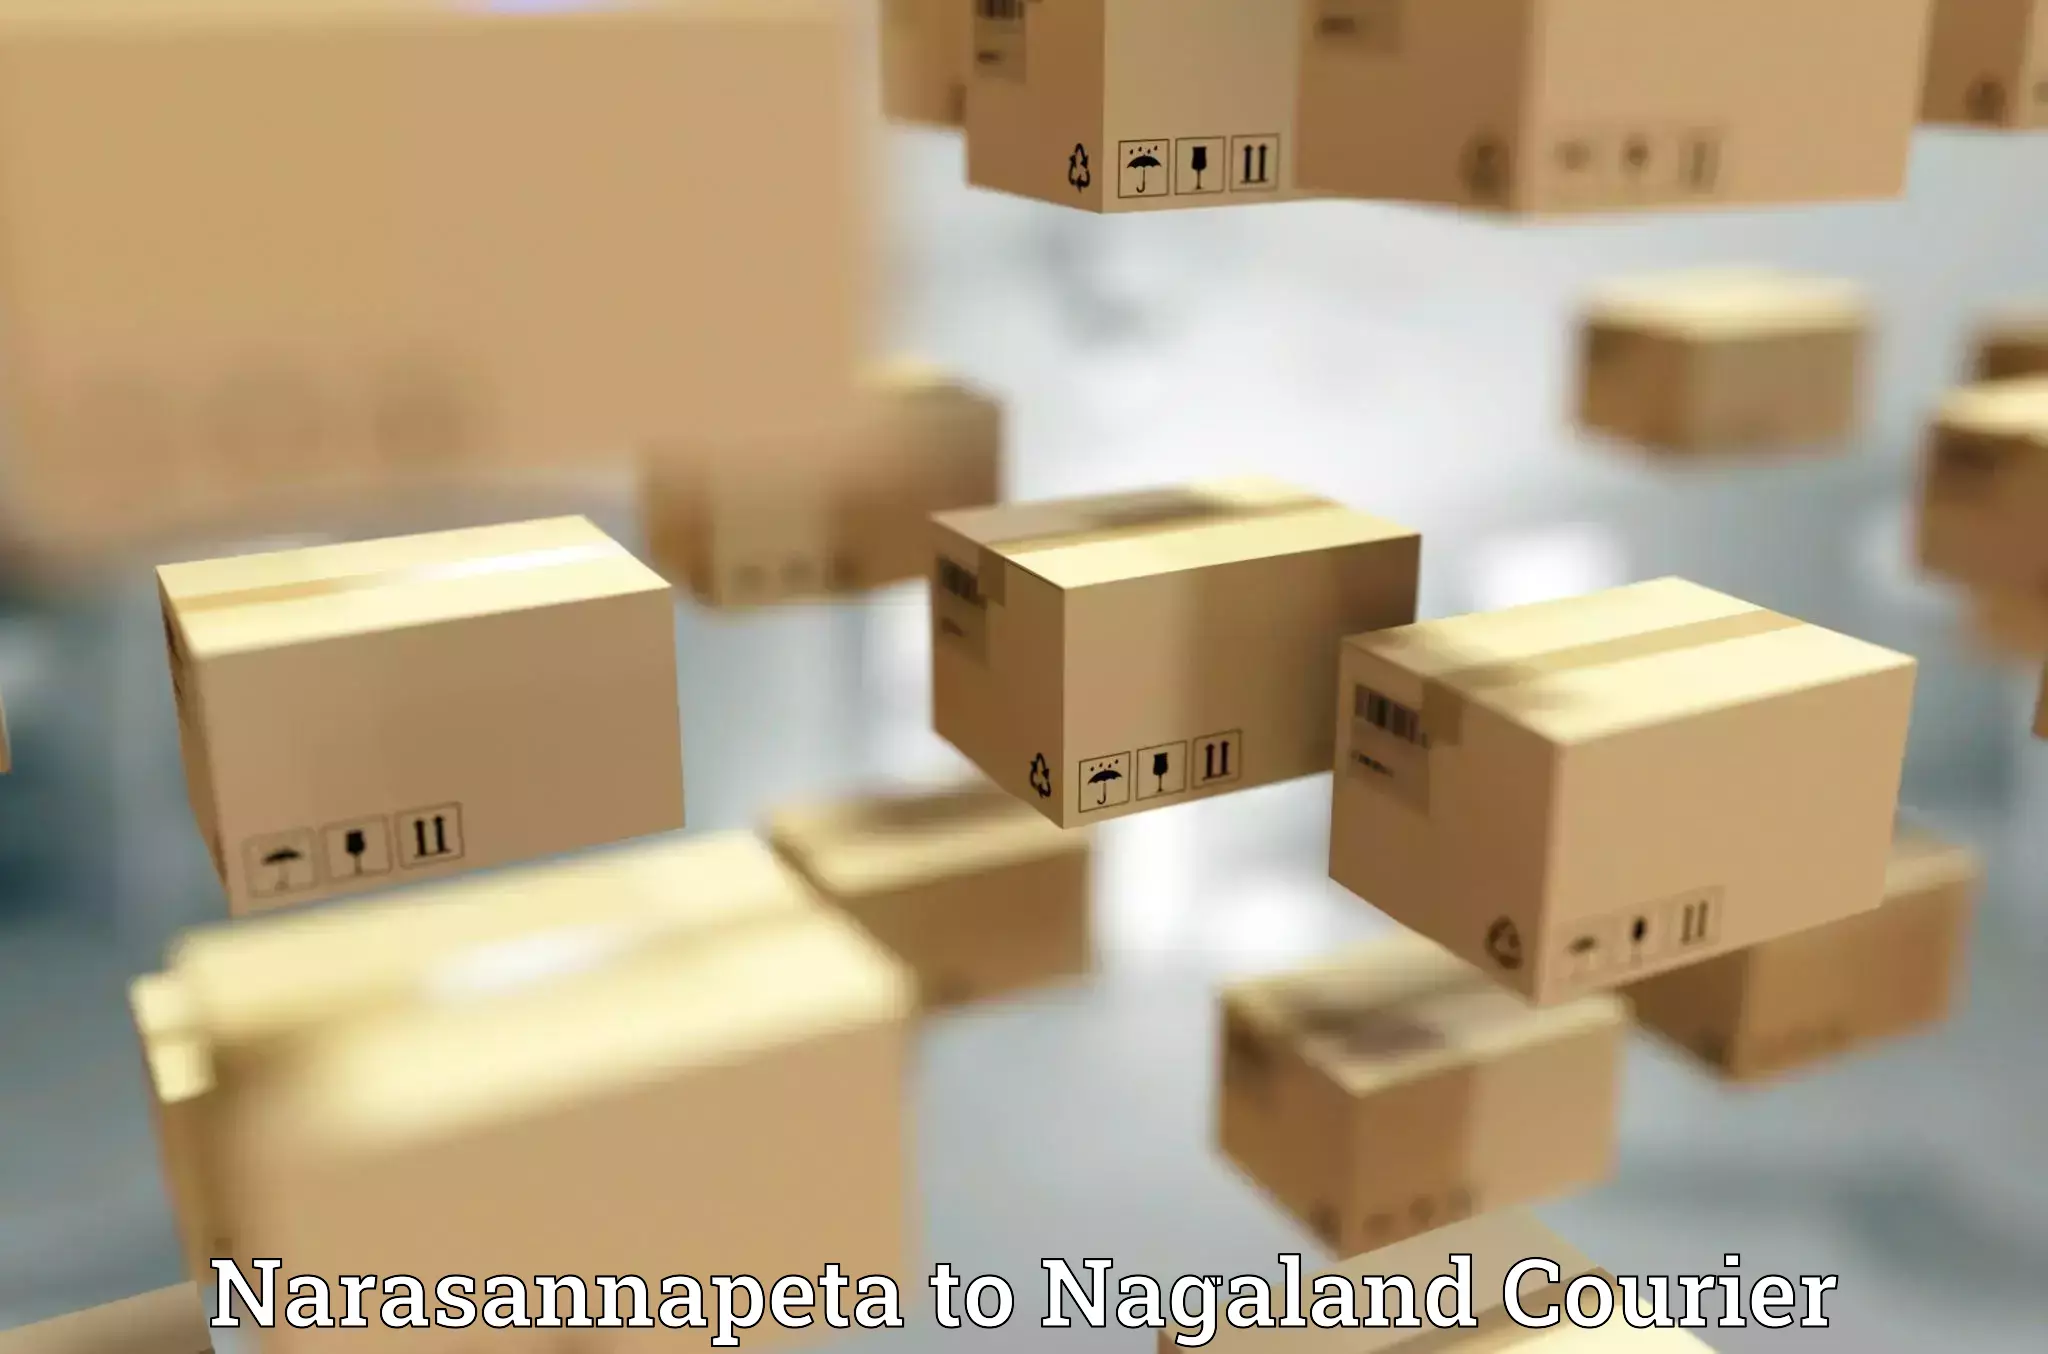 Digital courier platforms Narasannapeta to Mokokchung
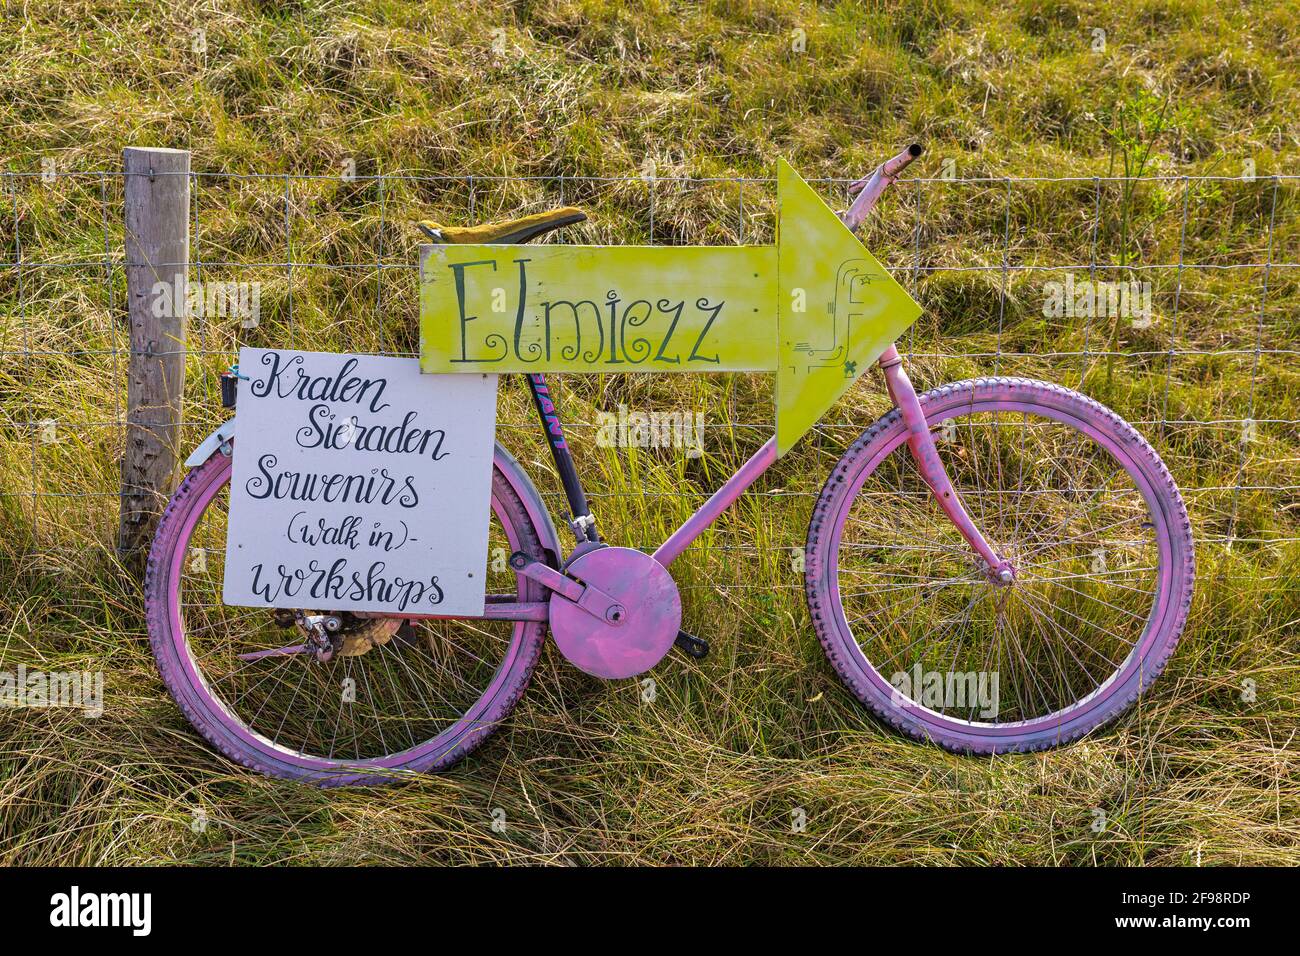 Fahrrad, Wegweiser, lokaler Dekoladen auf Texel Stockfotografie - Alamy
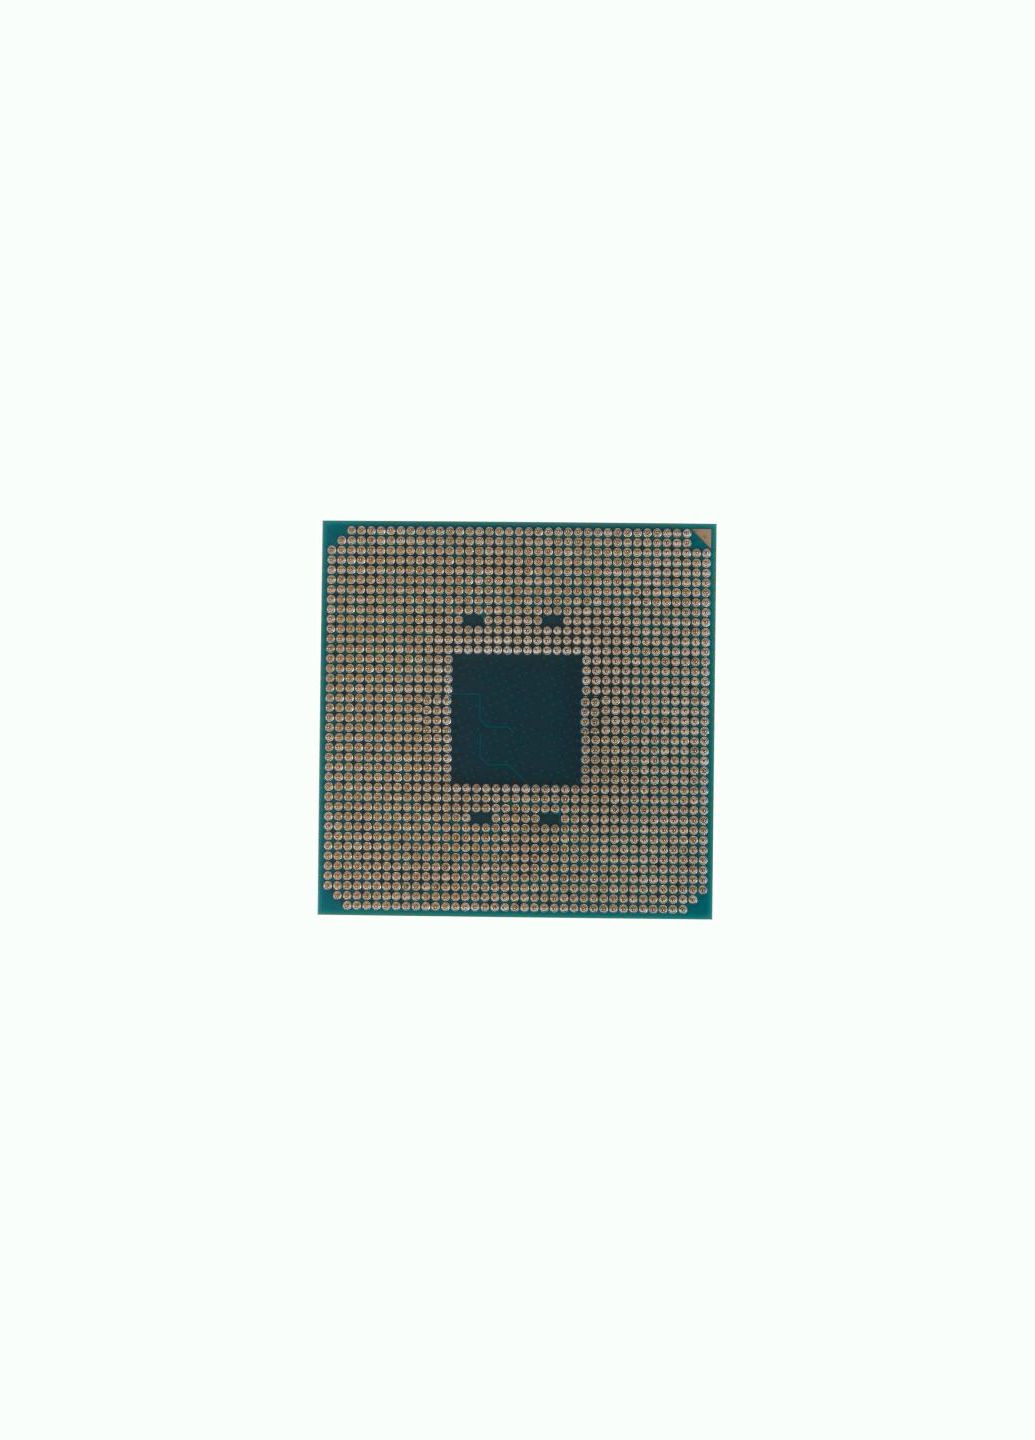 Процессор (AD950XAGM44AB) AMD athlon ™ ii x4 950 (275100786)
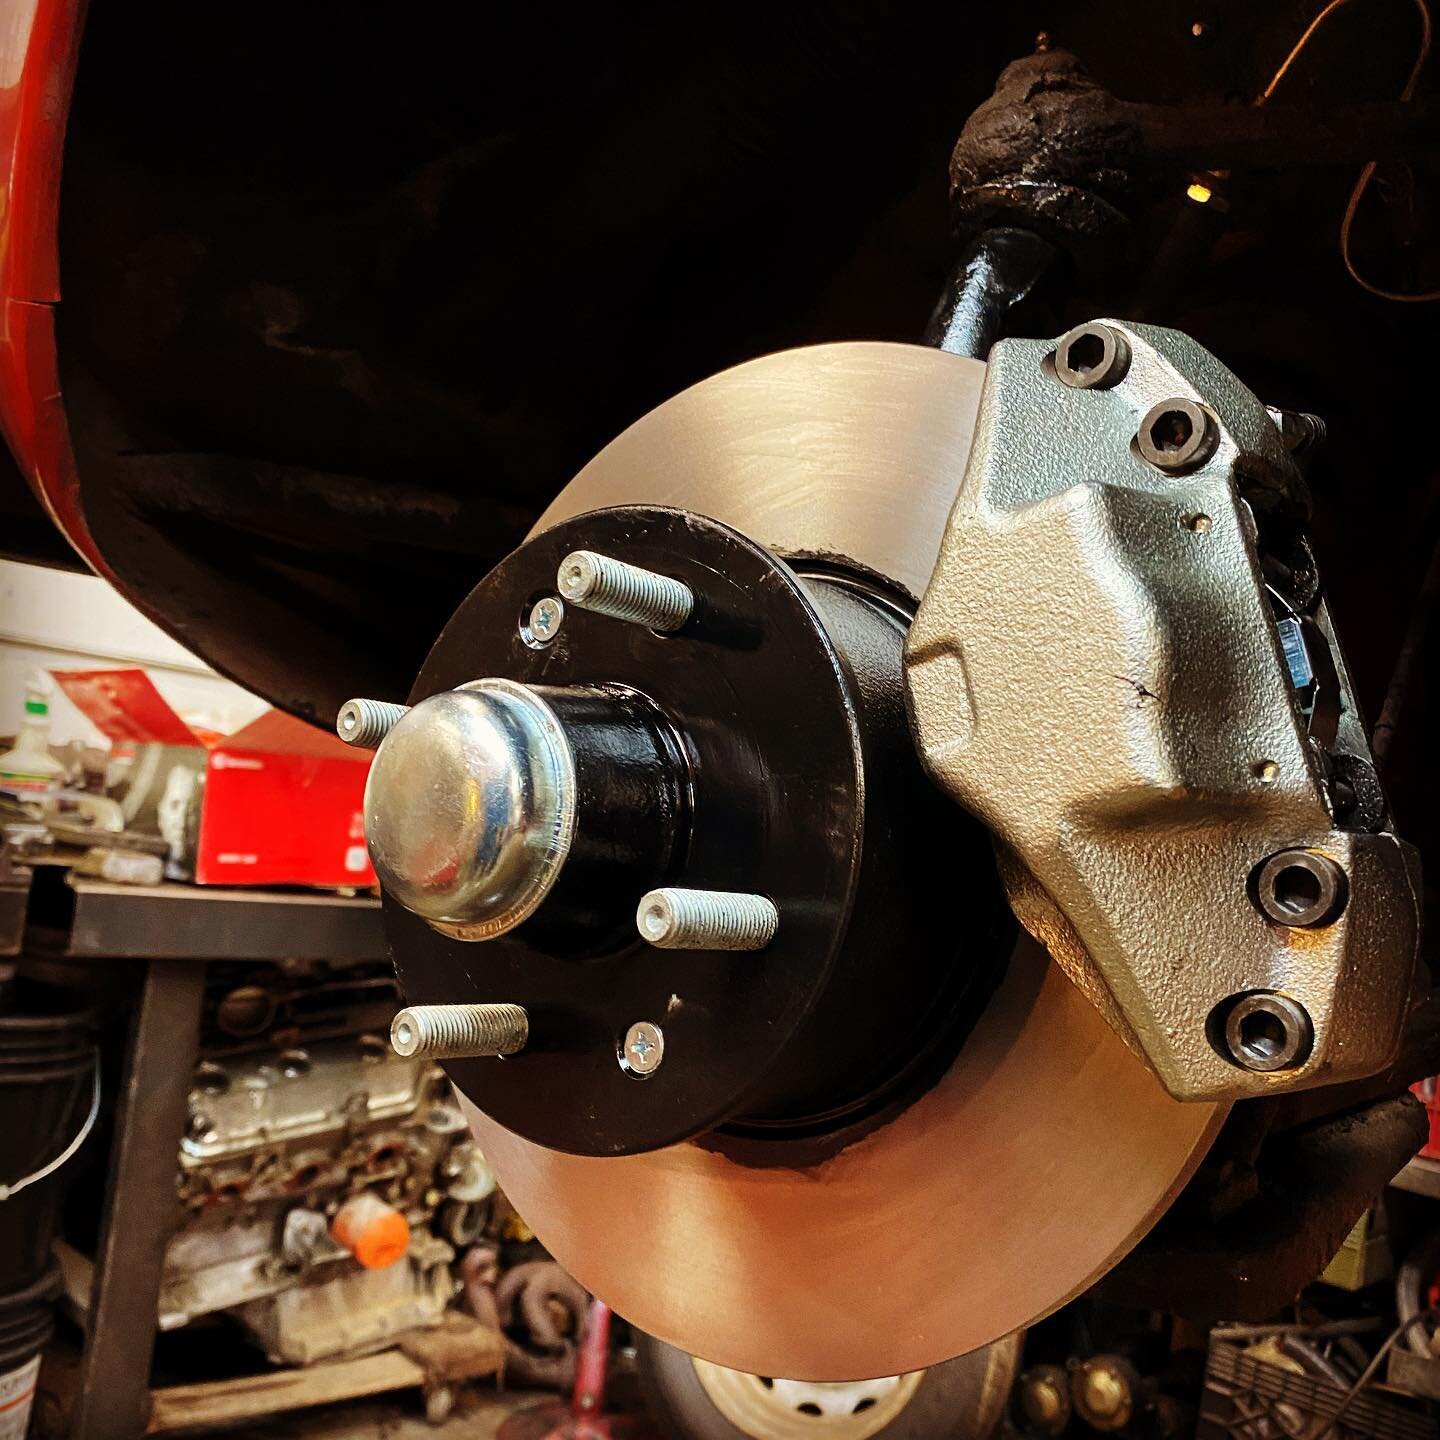 Full brake overhaul on this Giulia. Disc upgrade kit from @myalfagroup , master cylinder rebuild, and new brake lines. Stopping powaaaa!
#aflaromeo 
#italiancar 
#alfalovers 
#aflfagta 
#alfaromeogtv 
#velocealfa 
#velocesquad 
#alfaracing 
#alfagiul
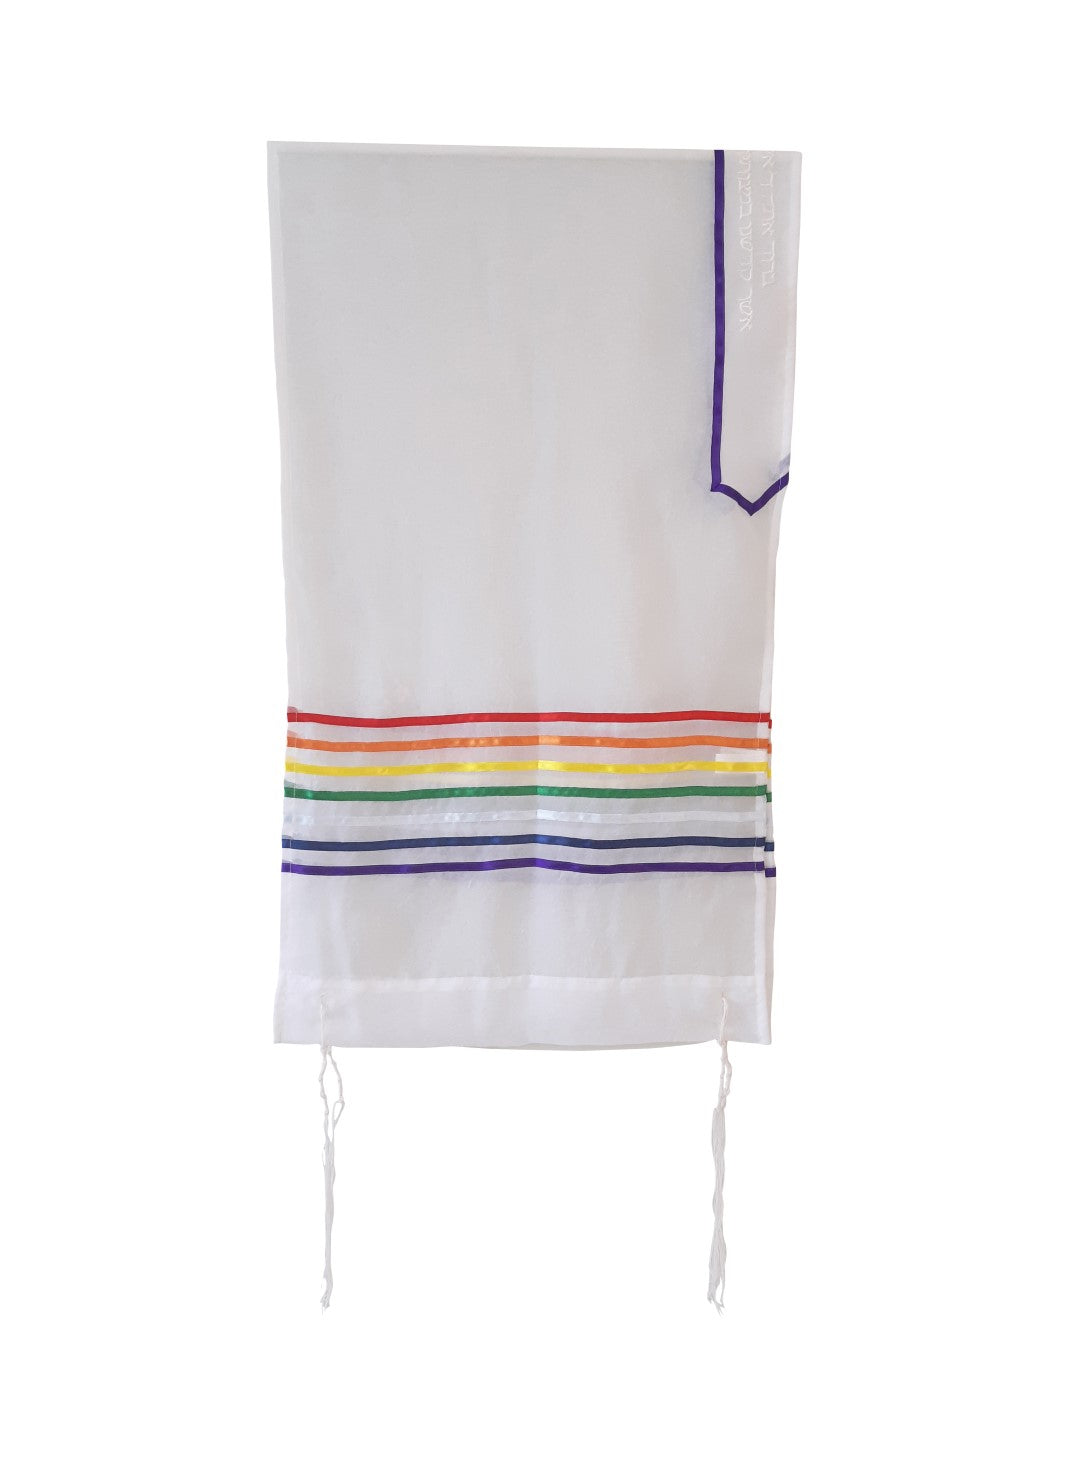 Handmade Sheer Rainbow Tallit, Joseph's Coat of Many Colors Tallis, Bat Mitzvah Tallit hung, Talit for Woman, Tzitzit

==============================

### WORK ITEM
Reprint each of the records exactly and skip the images.

### SOLUTION FOR THIS PROBLEM
 Digital courier platforms Narasannapeta to Mokokchung
 Fahrrad, Wegweiser, lokaler Dekoladen auf Texel Stockfotografie - Alamy
 Процессор (AD950XAGM44AB) AMD athlon ™ ii x4 950 (275100786)
 Full brake overhaul on this Giulia. Disc upgrade kit from @myalfagroup , master cylinder rebuild, and new brake lines. Stopping powaaaa!
#aflaromeo 
#italiancar 
#alfalovers 
#aflfagta 
#alfaromeogtv 
#velocealfa 
#velocesquad 
#alfaracing 
#alfagiul
 Handmade Sheer Rainbow Tallit, Joseph's Coat of Many Colors Tallis, Bat Mitzvah Tallit hung, Talit for Woman, Tzitzit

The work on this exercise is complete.